> _PROBLEM DETAILS_:
Would you please print exactly the lines that run from the one with "Cisco Catalyst C3850" to the last line of the data, both included, without any pictures?

> _SUPPLIED MATERIAL_:
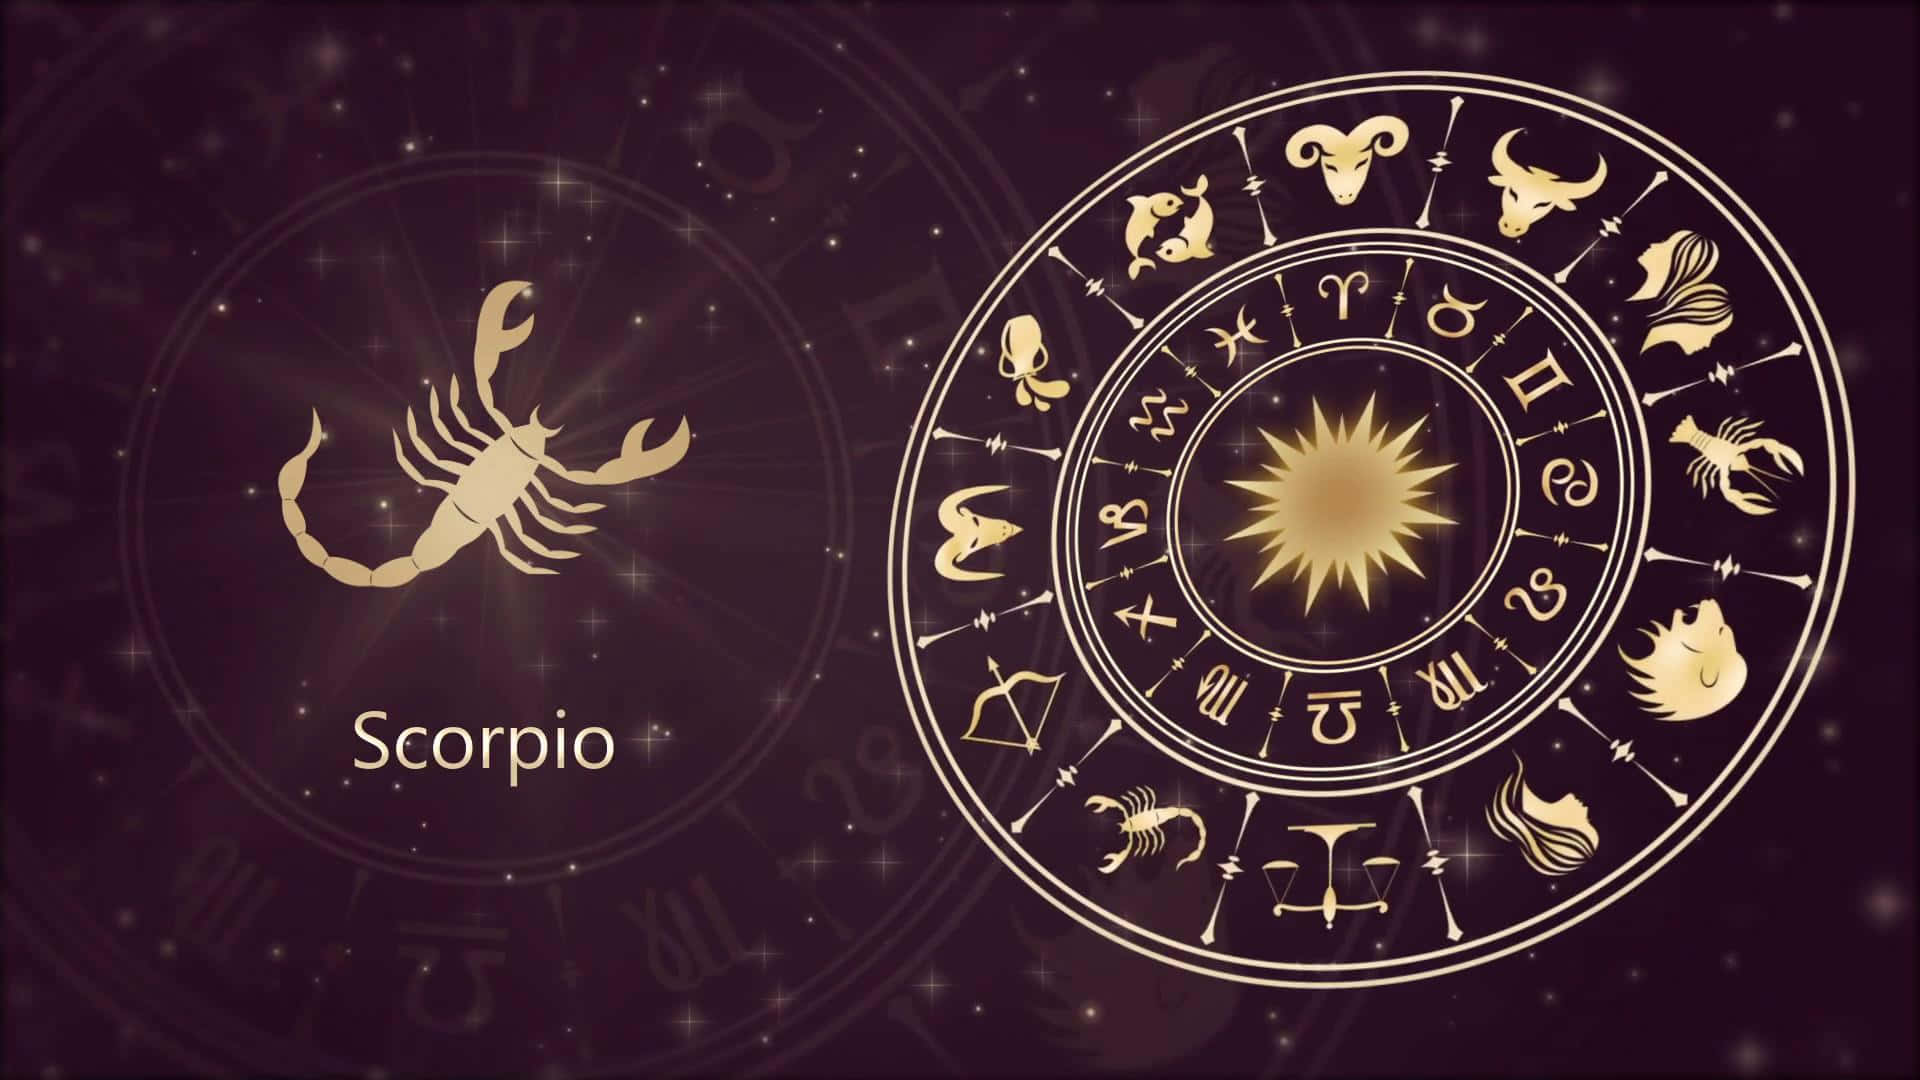 Scorpio: The Passionate Zodiac Sign
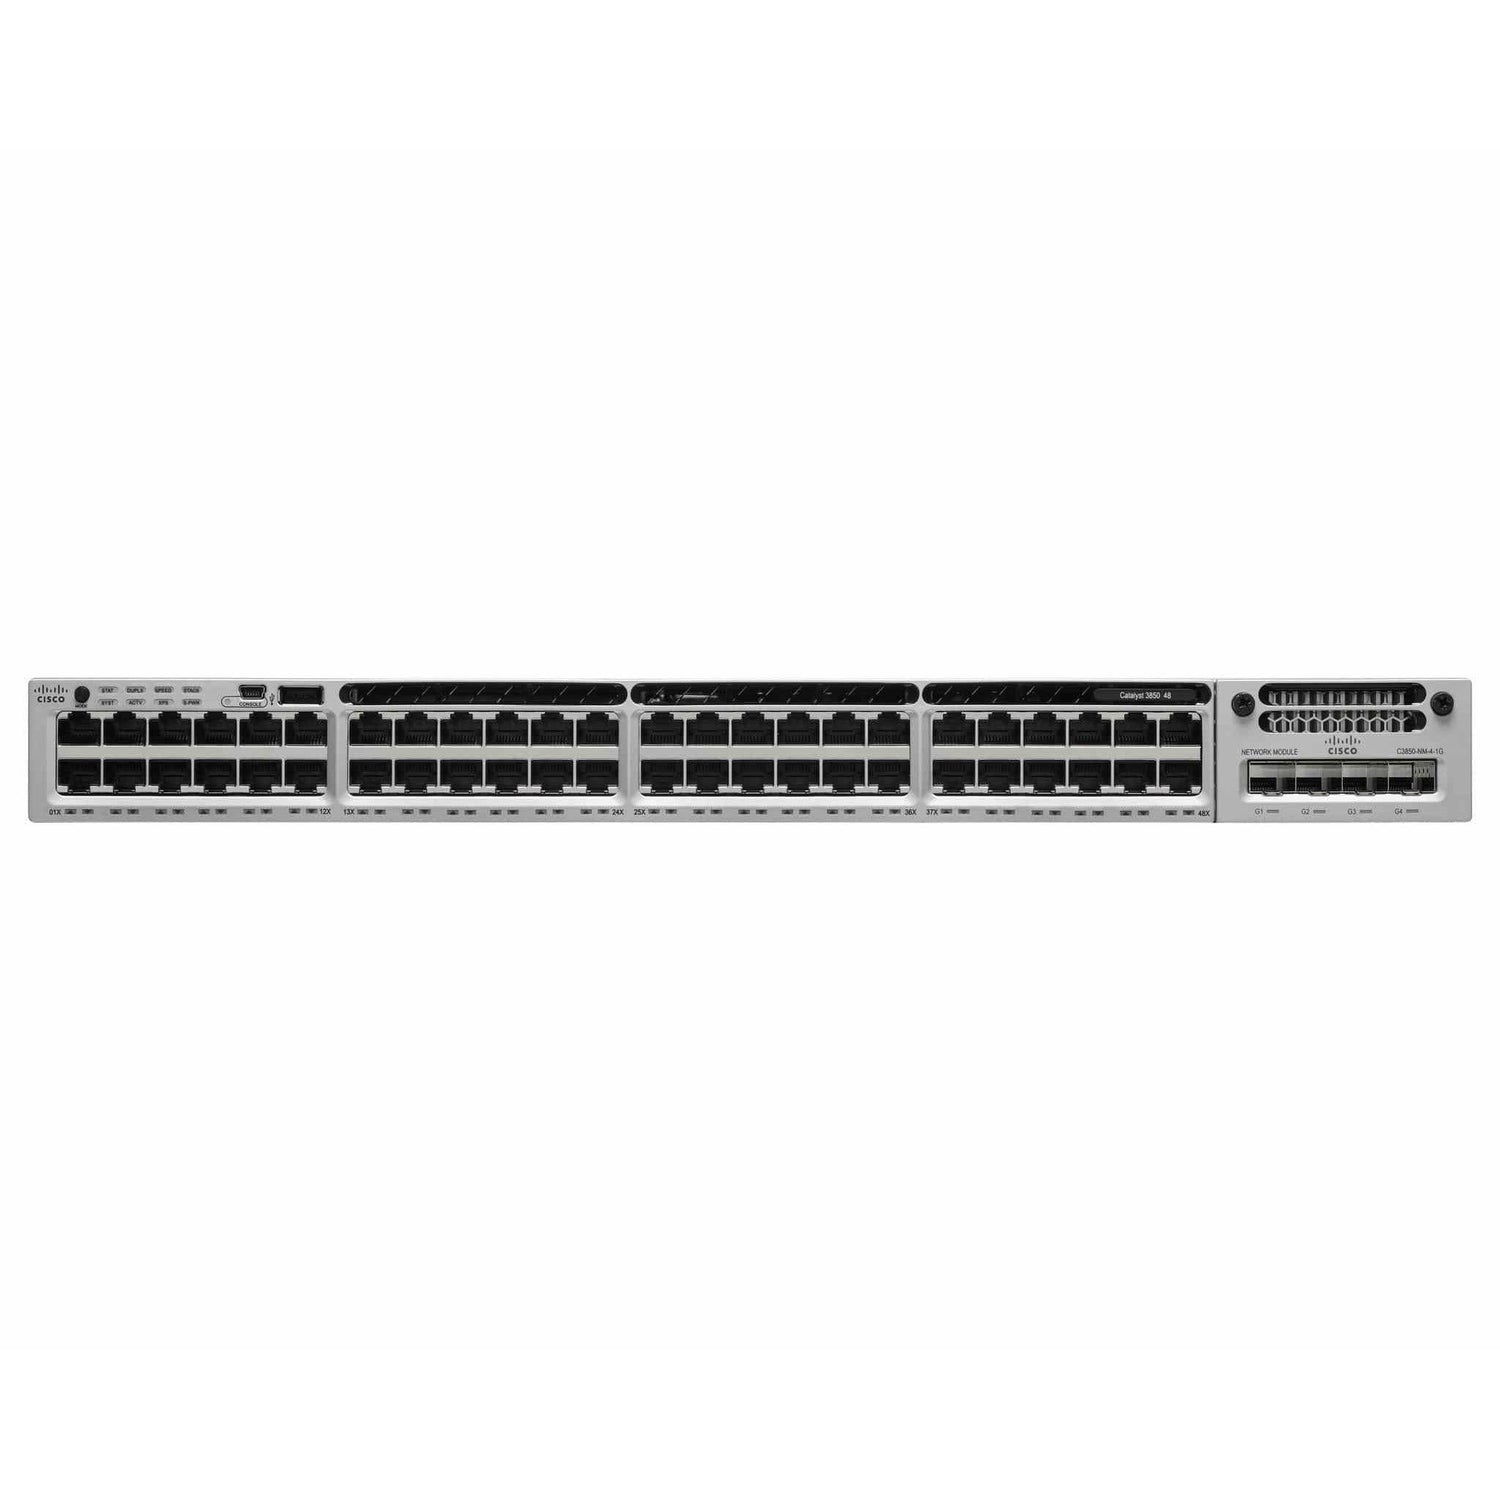 Cisco Catalyst C3850 48 Port Gigabit Switch - WS-C3850-48P-S - WS-C3850-48P-S-R - Reef Telecom
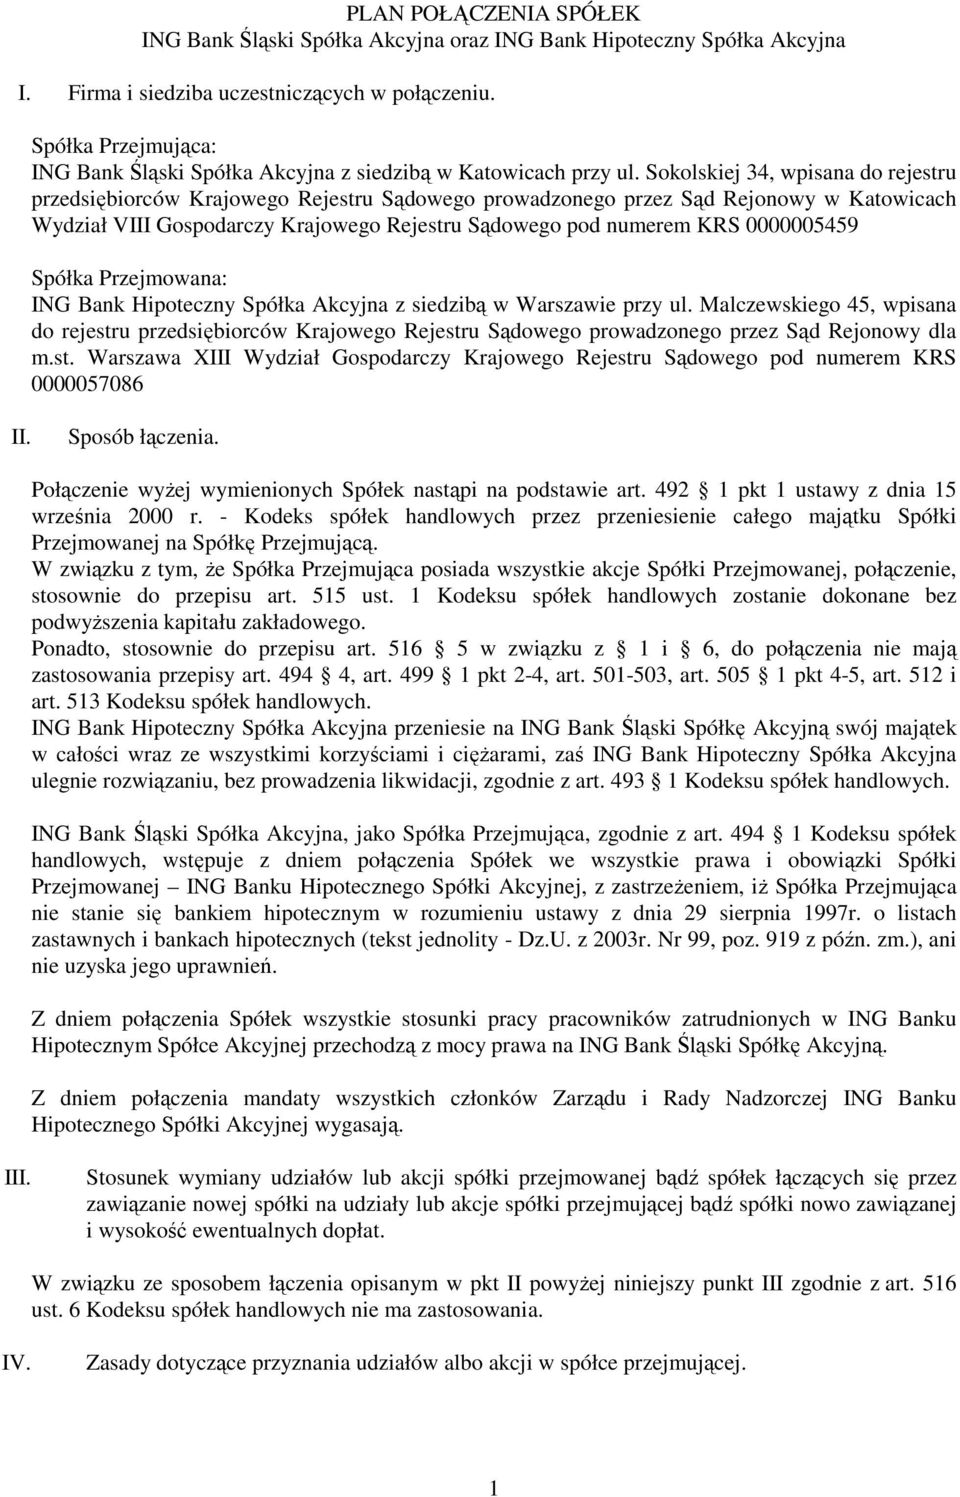 Sokolskiej 34, wpisana do rejestru przedsiębiorców Krajowego Rejestru Sądowego prowadzonego przez Sąd Rejonowy w Katowicach Wydział VIII Gospodarczy Krajowego Rejestru Sądowego pod numerem KRS

> _OUTPUT OF THE EXERCISE_:
 Cisco Catalyst C3850 48 Port Gigabit Switch - WS-C3850-48P-S - WS-C3850-48P-S-R - Reef Telecom
 Sokolskiej 34, wpisana do rejestru przedsiębiorców Krajowego Rejestru Sądowego prowadzonego przez Sąd Rejonowy w Katowicach Wydział VIII Gospodarczy Krajowego Rejestru Sądowego pod numerem KRS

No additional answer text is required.